Ted JuneauLAWRENCE, Kan. (AP) – Far from the din of March Madness and a long way from the bright lights, Ted Juneau is searching basketball outposts.


He’s got his eye on a 6-foot-9 difference-maker and recently encouraged him to visit. There’s a potential transfer from a Minnesota junior college who could contribute right away. He works the phones, calling players he’s heard about, listening to others seeking him out.
Occasionally, Juneau dips into Oklahoma to catch a few games and later this month he’s planning to attend a tournament in Colorado.
In the most basic sense, Juneau is like every other college basketball coach on the recruiting trail.
Beneath the surface, his job is unlike any other.
Juneau’s trail takes him to places like Rocky Boy, Mont., Navajo, N.M., and Tahlequah, Okla., not Chicago, Detroit or New York. His school doesn’t offer athletic scholarships and has the resources for one, maybe two big recruiting trips a year. His recruits come from a tiny pool of people representing just 2 percent of the total U.S. population.
Juneau is the head coach at Haskell Indian Nations University, an oasis for Native American hoops players in the shadow of a college basketball powerhouse.
“It’s truly a unique place,” Juneau said. “It’s a problem just having people know that Haskell’s here and the opportunity that they have.”
The opportunity many Native Americans can’t find anywhere else.
Located just a few miles from the University of Kansas and its storied Jayhawks program, Haskell was founded in 1884 and has an enrollment of about 1,000 students, all of whom must be members of federally-recognized tribes.

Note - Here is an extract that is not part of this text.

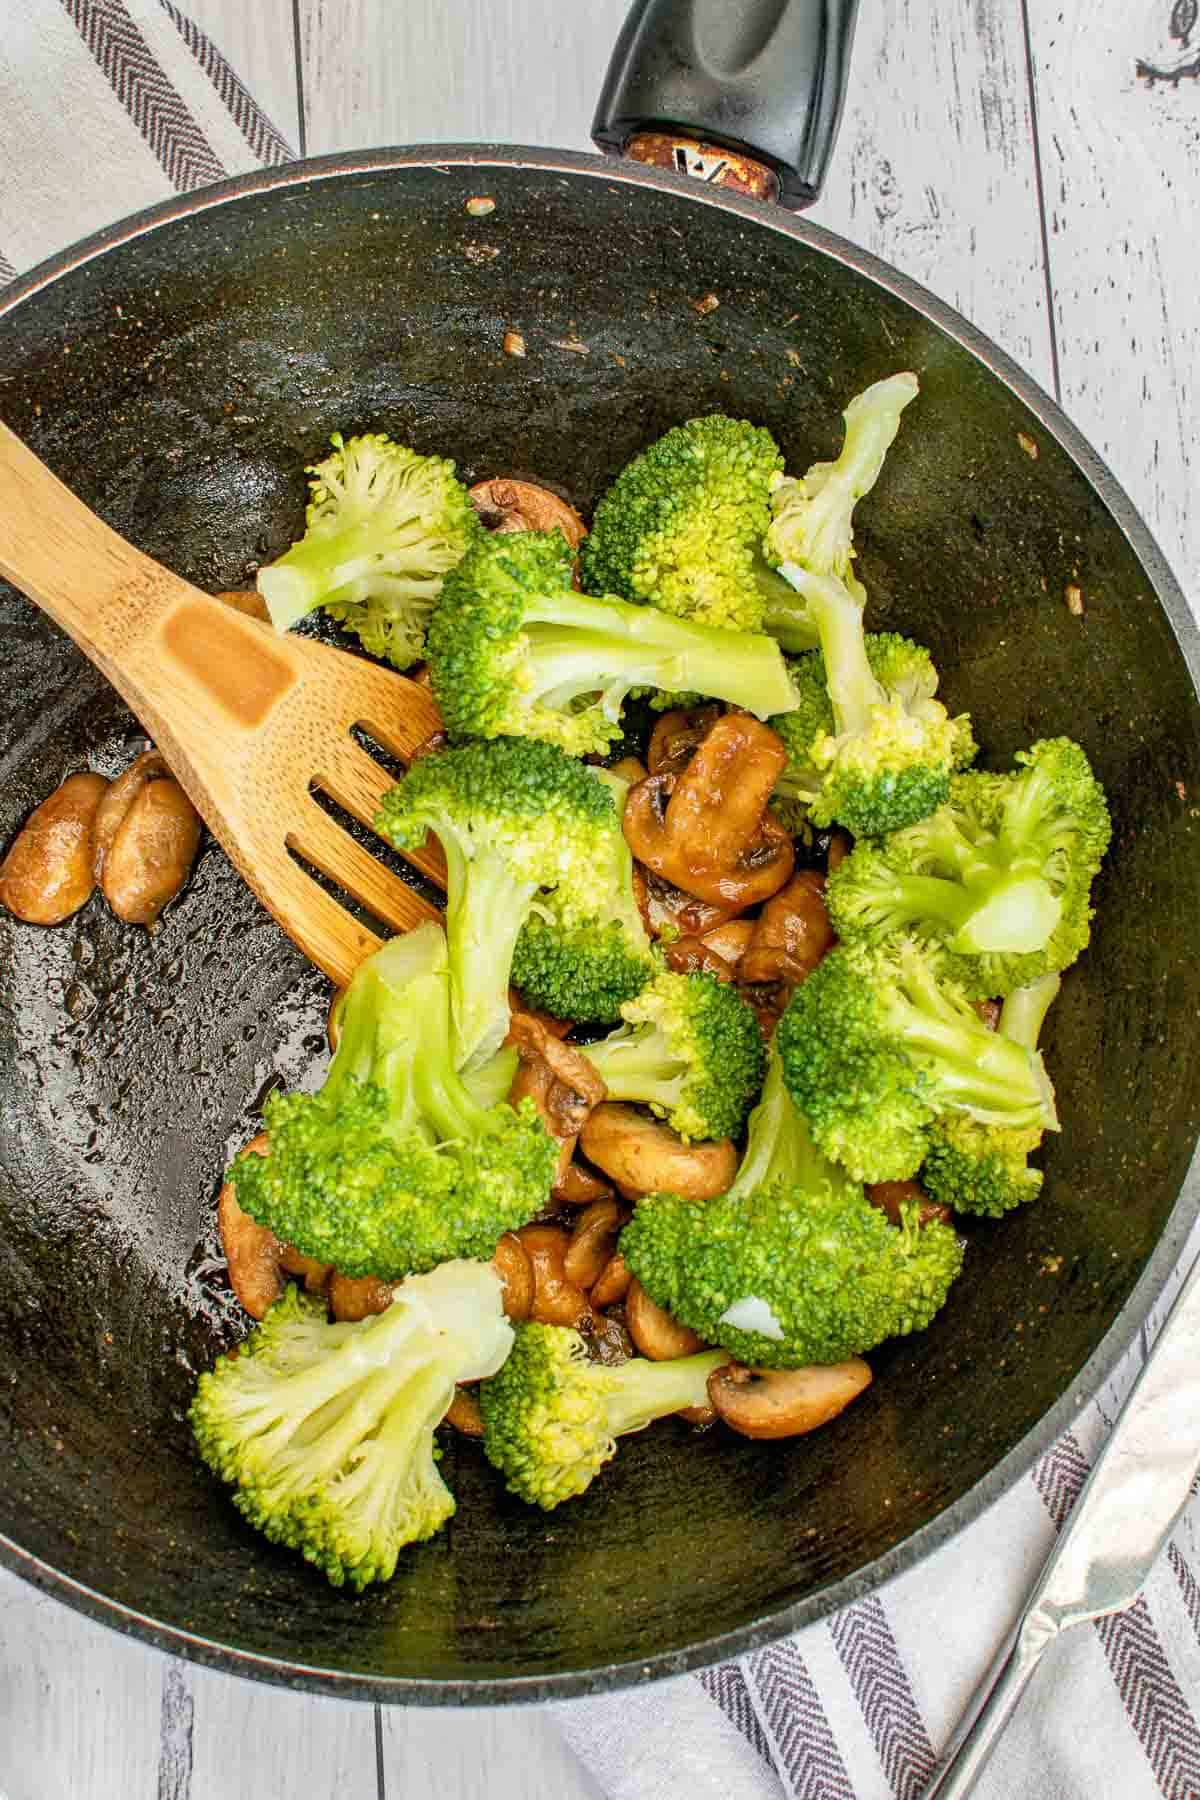 Broccoli and mushroom stir fry in a wok.

The NAIA school is federally funded and is the only four-year tribal college in the U.S., making it unique in college athletics.
The basketball team is filled with former Division II and III players, junior college transfers and Native American players who weren’t heavily recruited out of high school.
The Indians play a version of the breakneck “rez” ball found on many reservations, with a wrinkle of set plays and an emphasis on defense added by Juneau, Danny Manning’s former high school coach.
Their court is the floor from the 1988 NCAA championship game won by Danny and the Miracles at Kansas City’s Kemper Arena, and they get plenty of help from the Jayhawks, including shoes from Manning and lockers from the football team.
The players share a common bond of heritage – even if they sometimes come from once-warring tribes – and the aspiration of trying to escape the sometimes sobering reality of reservation life.
“It’s a real good opportunity to get their education and continue their basketball career,” said Vince Chavez, a senior guard from the Chemehuevi tribe. “You can always branch out after this if you want to. Pretty much after high school on the rez, it’s a dead end after that. If you come here and you try to better yourself, it’s going to be better for you in the long run.”
It’s not an easy transition.
Life on a reservation is often a closed circle, with huge, close-knit families providing a support system that spreads over the tribe like a warm blanket.
Many Native American basketball players have tried to leave the circle, only to feel like outcasts because of how they look, their language, beliefs and customs. They often return home and give up on basketball forever.
Dominick Clichee is one of the few who made it out and stayed.
The senior from the Navajo tribe in New Mexico earned a spot at Division III Clark University in Worcester, Mass., and played two seasons there before transferring to Haskell. The transition was difficult, but Clichee stuck it out, transferring only after the Clark coach who recruited him left for another job.
“Everyone back home is pretty much my family, so I grew up with family cookouts every weekend, everybody coming over – my aunties, uncles – then to get put out there where I didn’t know anybody except my coaches and my teammates, that was a big culture shock,” he said. “But that’s where I pride myself on being who I am because I was able to go through that and stay there, finish out and have a successful academic career.”
According to a recent Bureau of Indian Affairs report, the national unemployment rate for Native Americans is 49 percent, with 29 percent falling below the poverty line. The graduation rate at many reservations is below 50 percent, the dropout rate as high as 90 percent.
The players at Haskell are a guiding light to an oasis, an opportunity to escape the reservation while still living among other Natives.
“When I was coming out of Montana, I was still pretty well known and I’m doing well, still going to school,” said D.J. Fish, a 6-foot-5 forward from East Glacier. “It shows people that you can leave and be able to stay a while and actually do it. If you see somebody else do it, you know you can do it.”
The problem for Juneau is getting the players to take the initial leap.
Many Native American players are ill-prepared for life off the reservation. Some stay for family, others want to avoid the why-would-you-go-there scorn of their people. Others don’t have the educational background to continue on to college.
Juneau has little money or time for travel to see recruits and no scholarships to offer, other than the financial aid given to every Haskell student.
So as the rest of the college basketball goes mad about March, Juneau sits in his office inside the Coffin Complex, phoning recruits, returning calls from potential players, communicating on Facebook, doing whatever he can to spread the word of Haskell to basketball’s outposts.
“A lot of our recruiting becomes word of mouth, kids contacting us, us encouraging kids to come to school here regardless of whether they play basketball or not,” Juneau said. “It’s not always easy, but we find a way to make it work.”